In the quest to enhance crop nutritional quality and combat global micronutrient deficiencies, a recent study published in *Scientific Reports* offers promising insights. Researchers, led by Rahman Farzadifar from the Department of Horticultural Science at Yas.C., Islamic Azad University, investigated the effects of foliar biofortification with selenium (Se) and iodine (I) on Ocimum basilicum L., commonly known as basil. The findings suggest that strategic application of these micronutrients could significantly boost the nutritional profile of basil, with potential ripple effects across the agriculture sector.
The study employed a factorial randomized complete block design, testing various combinations of selenium (as Na₂SeO₄) and iodine (as KI) on basil plants. The most effective treatment, identified as Se3-I0.4 (3 mg/L Se + 0.4 µM I), resulted in a 91% increase in leaf iodine content and a notable rise in selenium content. “The combined application of selenium and iodine not only enhanced the micronutrient profile but also improved the plant’s antioxidant capacity,” Farzadifar explained.
The research revealed significant increases in chlorophyll a (∼40%), chlorophyll b (∼43%), and carotenoids (∼195%), which are crucial for plant health and human nutrition. Additionally, the activity of antioxidant enzymes like superoxide dismutase and ascorbate peroxidase saw a marked improvement. This enhancement in antioxidant properties could make basil a more attractive crop for health-conscious consumers and the functional food industry.
One of the most intriguing findings was the alteration in the essential oil profile of basil. The treatment increased the concentration of linalool, a desirable aroma compound, by ∼58%, while decreasing less favorable compounds like 1,8-cineole and eugenol. This could have significant implications for the culinary and aromatic industries, where the quality and composition of essential oils are paramount.
From a commercial perspective, the study highlights the potential for farmers to adopt foliar biofortification techniques to enhance the nutritional and market value of their crops. “This approach could open new avenues for farmers to produce high-value crops that meet the growing demand for nutrient-dense foods,” Farzadifar noted. The findings could also drive innovation in agricultural practices, encouraging the development of new biofortification strategies and products tailored to specific crops and market needs.
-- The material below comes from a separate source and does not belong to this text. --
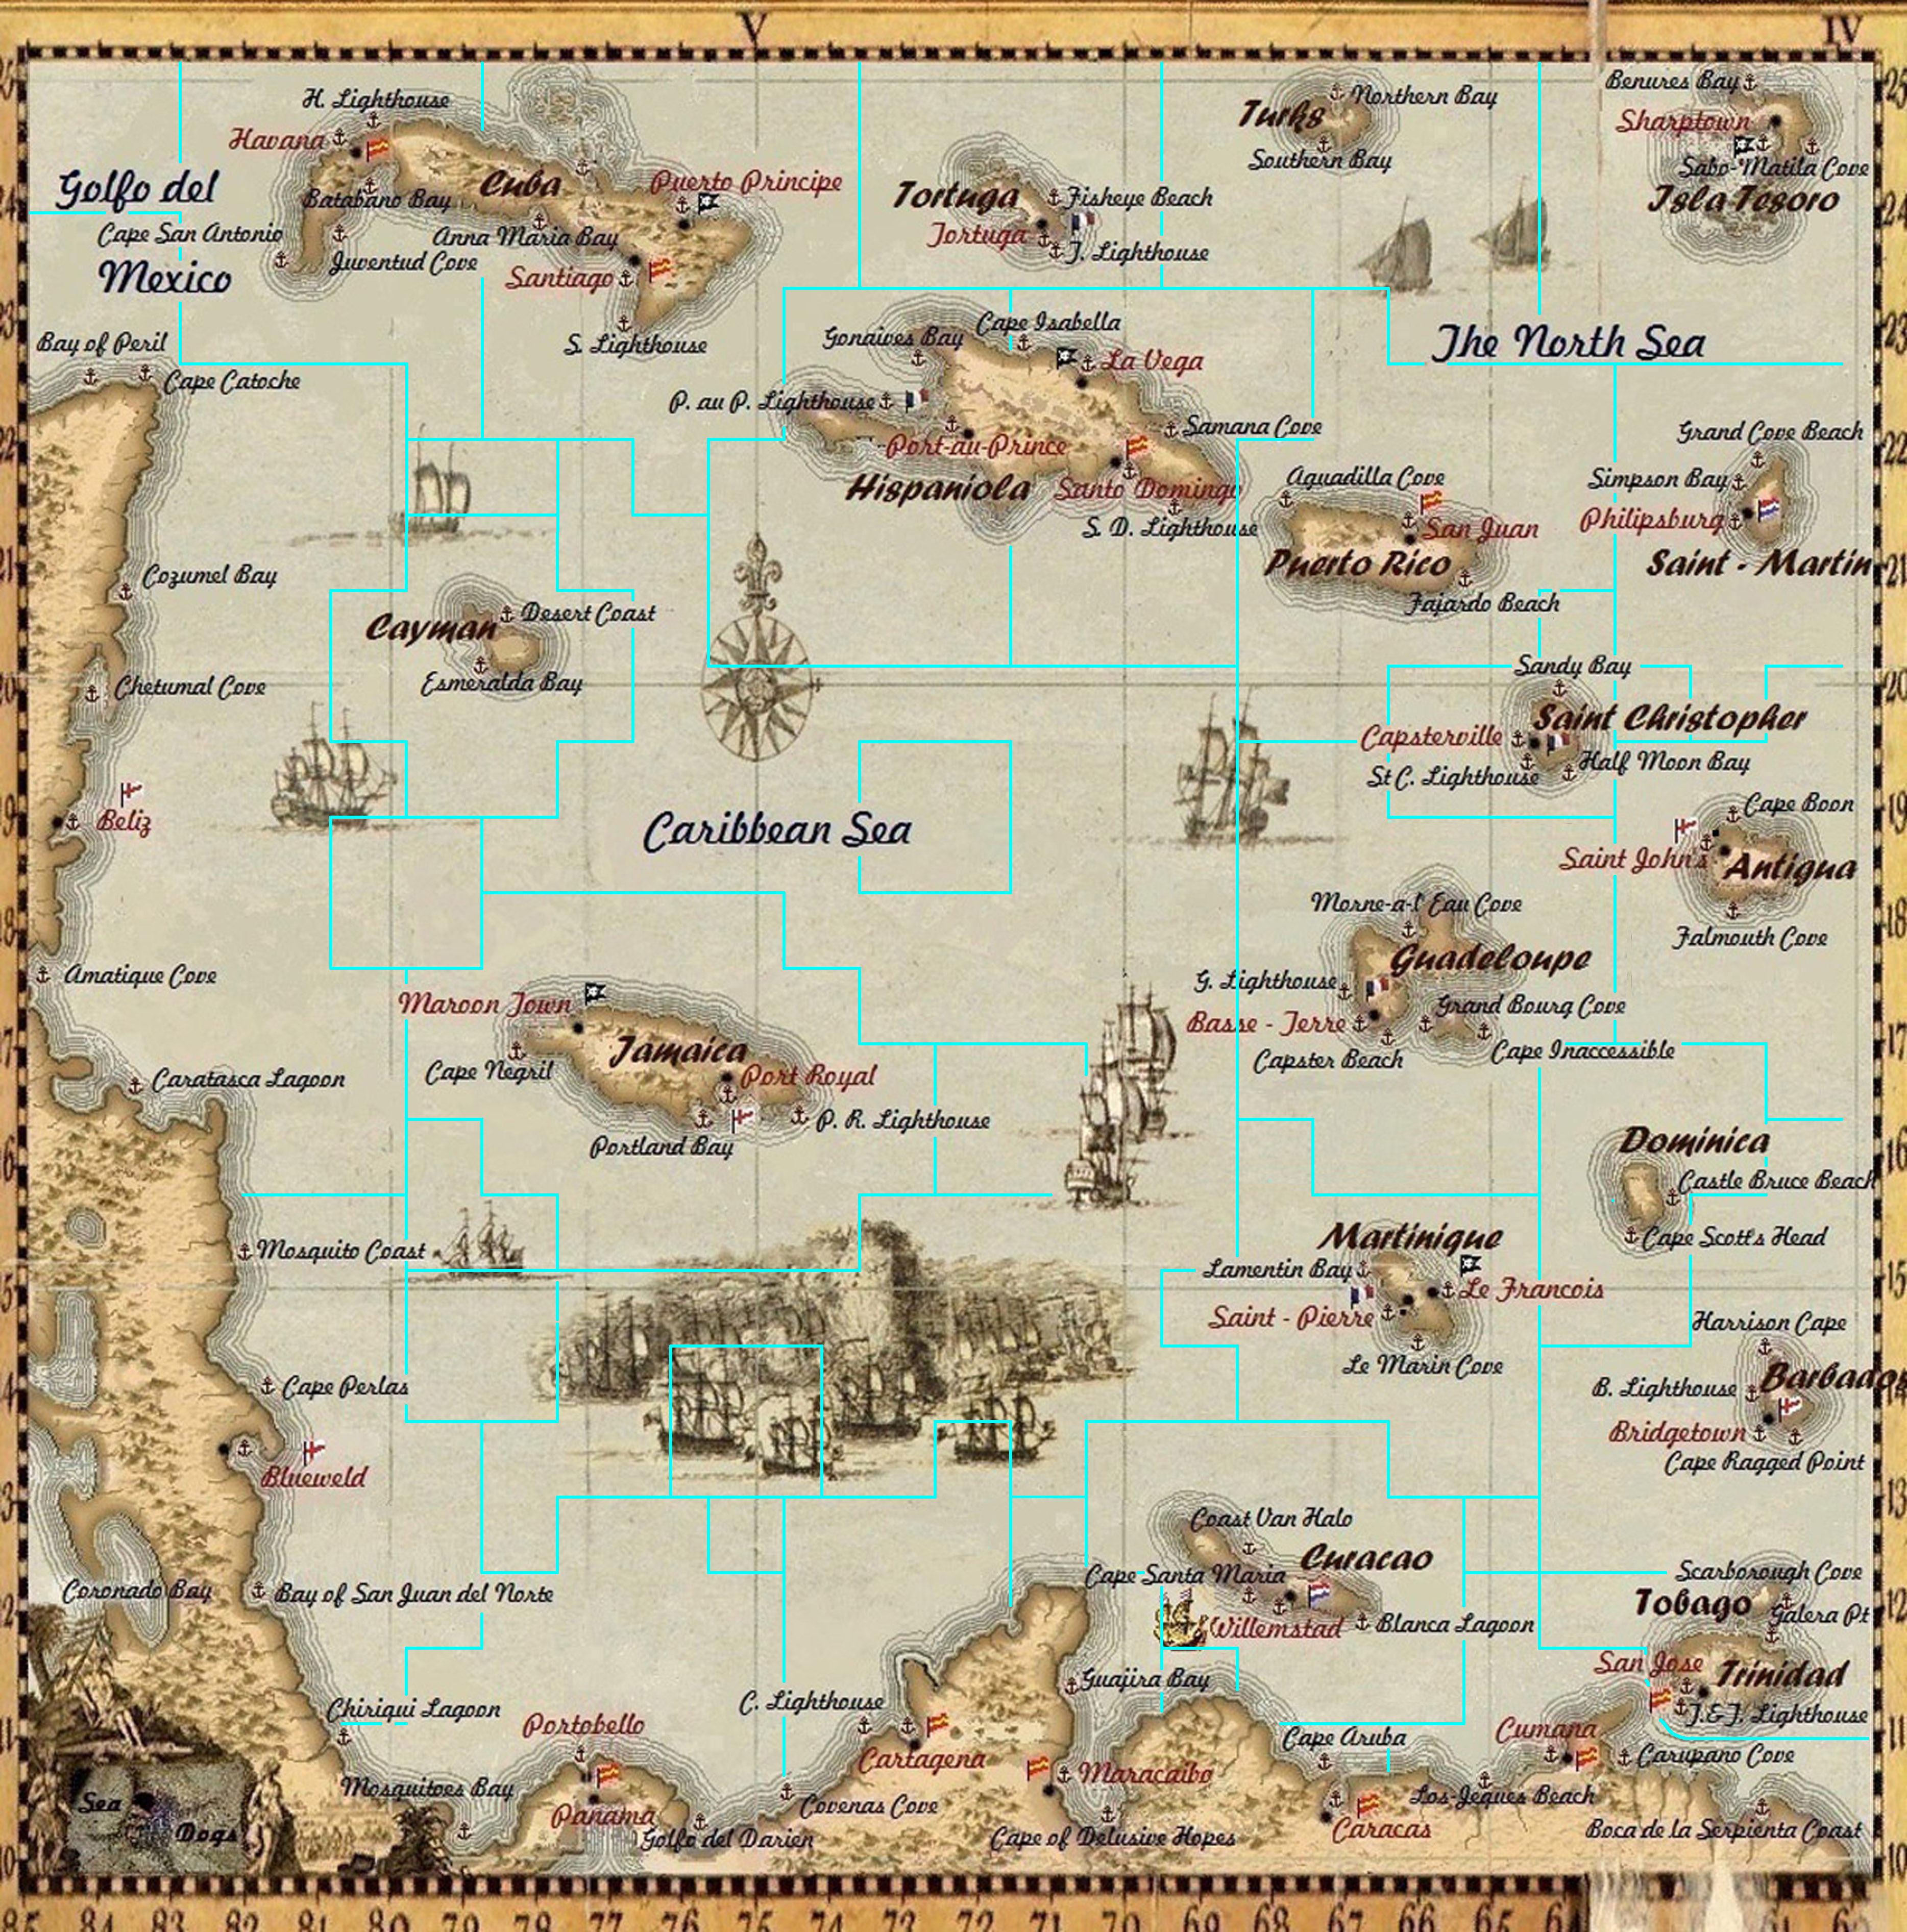 steam download region map

The research not only underscores the importance of micronutrient biofortification but also paves the way for future studies exploring the synergistic effects of different micronutrients on various crops. As the global population continues to grow, the need for nutrient-rich foods becomes increasingly critical. This study offers a glimpse into how advanced agricultural techniques can help meet these challenges, shaping the future of sustainable and nutritious food production.